A reconciliation of the total gross amounts of unrecognized tax benefits for the years ended are as follows (in thousands):
 December 31,
 202120202019
Balance at beginning of year$5,484 $4,320 $4,629 
Increases related to prior year tax positions317 1,382 (34)
Increases related to current year tax positions— 119 
Expiration of the statute of limitations for the assessment of taxes(713)(221)(393)
Increase (decrease) related to change in rate— — (1)
Balance at end of year$5,088 $5,484 $4,320 

At December 31, 2021, the Company has unrecognized tax benefits of $5.1 million of which $4.1 million will affect the effective tax rate if recognized.
 
The Company recognizes accrued interest and penalties related to unrecognized tax benefits in income tax expense. During the year ended December 31, 2021 the Company accrued approximately $0.04 million of interest and penalties. As of December 31, 2021, accrued interest and penalties amounted to approximately $0.4 million. We do not anticipate the uncertain tax position to change materially within the next 12 months.

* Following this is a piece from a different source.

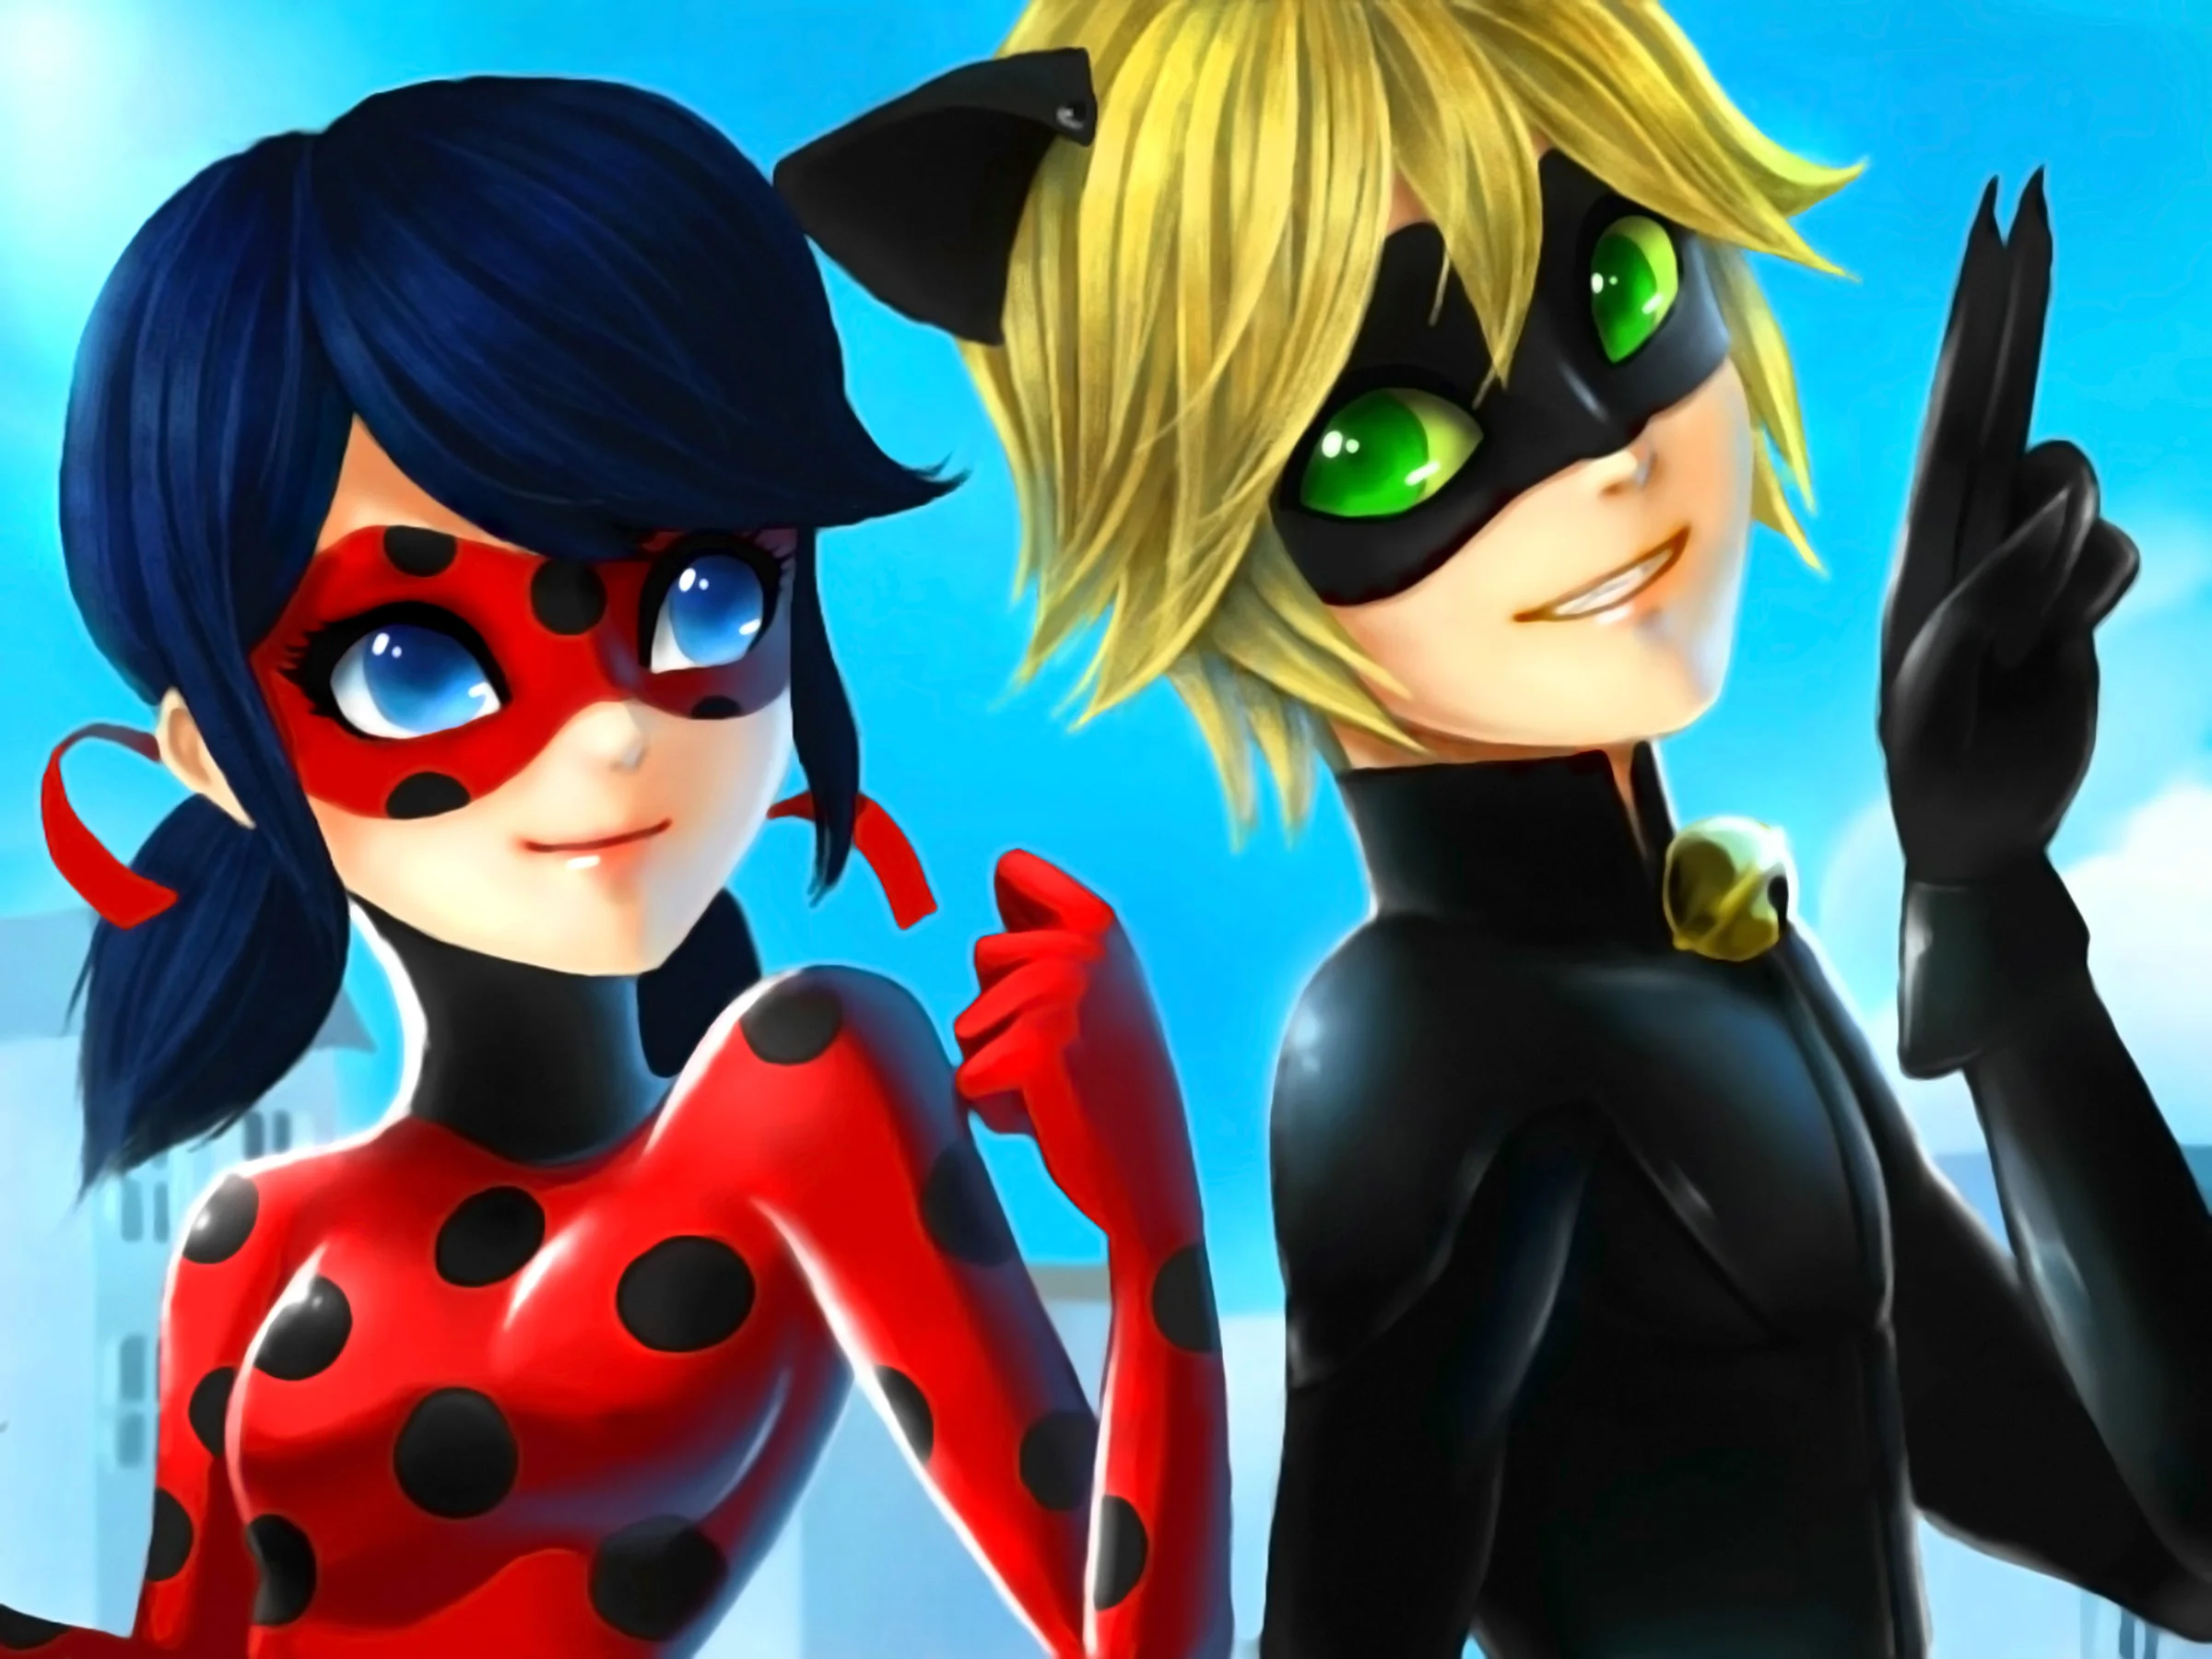 Miraculous Ladybug And Chat Noir by Flannel-kun.
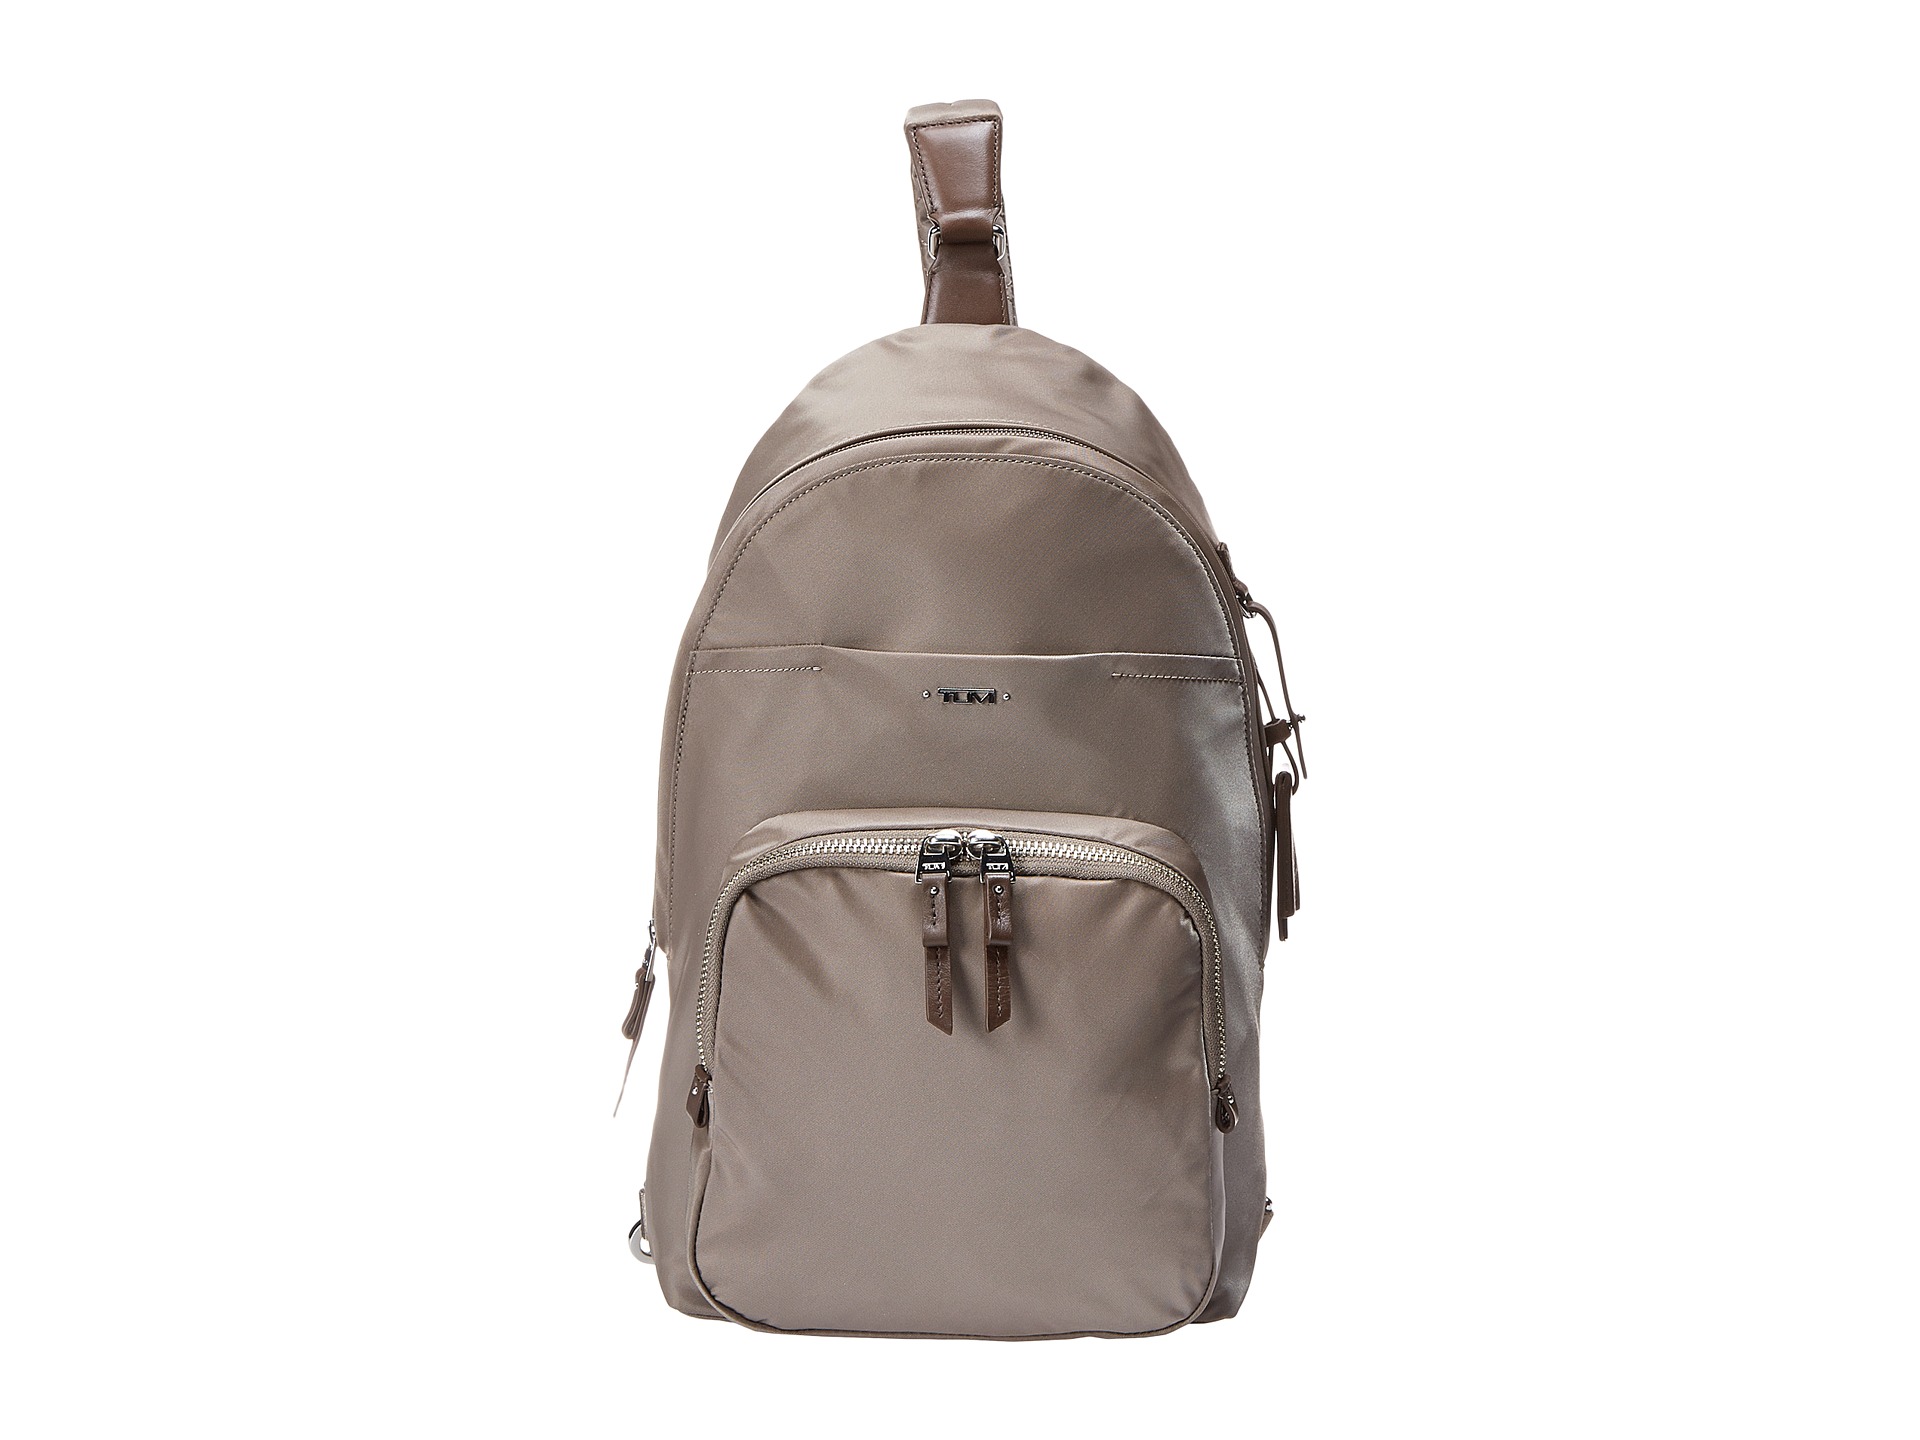 Tumi Voyageur Brive Sling Backpack - Zappos.com Free Shipping BOTH Ways

On March 27, 2020, the United States enacted the Coronavirus Aid, Relief and Economic Security Act (CARES Act). The Cares Act is an emergency economic stimulus package that includes spending and tax breaks to strengthen the United States economy and fund a nationwide effort to curtail the effect of COVID-19. The CARES Act provides sweeping tax changes in response to the COVID-19 pandemic, some of the more significant provisions are removal of certain limitations on utilization of net operating losses, increasing the loss carryback period for certain losses to five years, and increasing the ability to deduct interest expense, as well as amending certain provisions of the previously enacted Tax Cuts and Jobs Act. At December 31, 2020, the Company has taken advantage of the accelerated tax depreciation related to qualified improvement property and the Paycheck Protection Program loan allowed under the CARES Act.

On December 27, 2020, the United States enacted the Consolidated Appropriations Act of 2021 (“CAA”). The CAA includes provisions extending certain CARES Act provisions and adds coronavirus relief, tax and health extenders. The Company will continue to evaluate the impact of the CAA and its impact on our financial statements in 2021 and beyond.

In June 29, 2020, the state of California passed Assembly Bill 85 which suspends the California net operating loss deduction for the 2020-2022 tax years and the R&D credit usage for the same period (for credit usages in excess of $5M). These suspensions were considered in preparation of the 2021 and 2020 financial statements.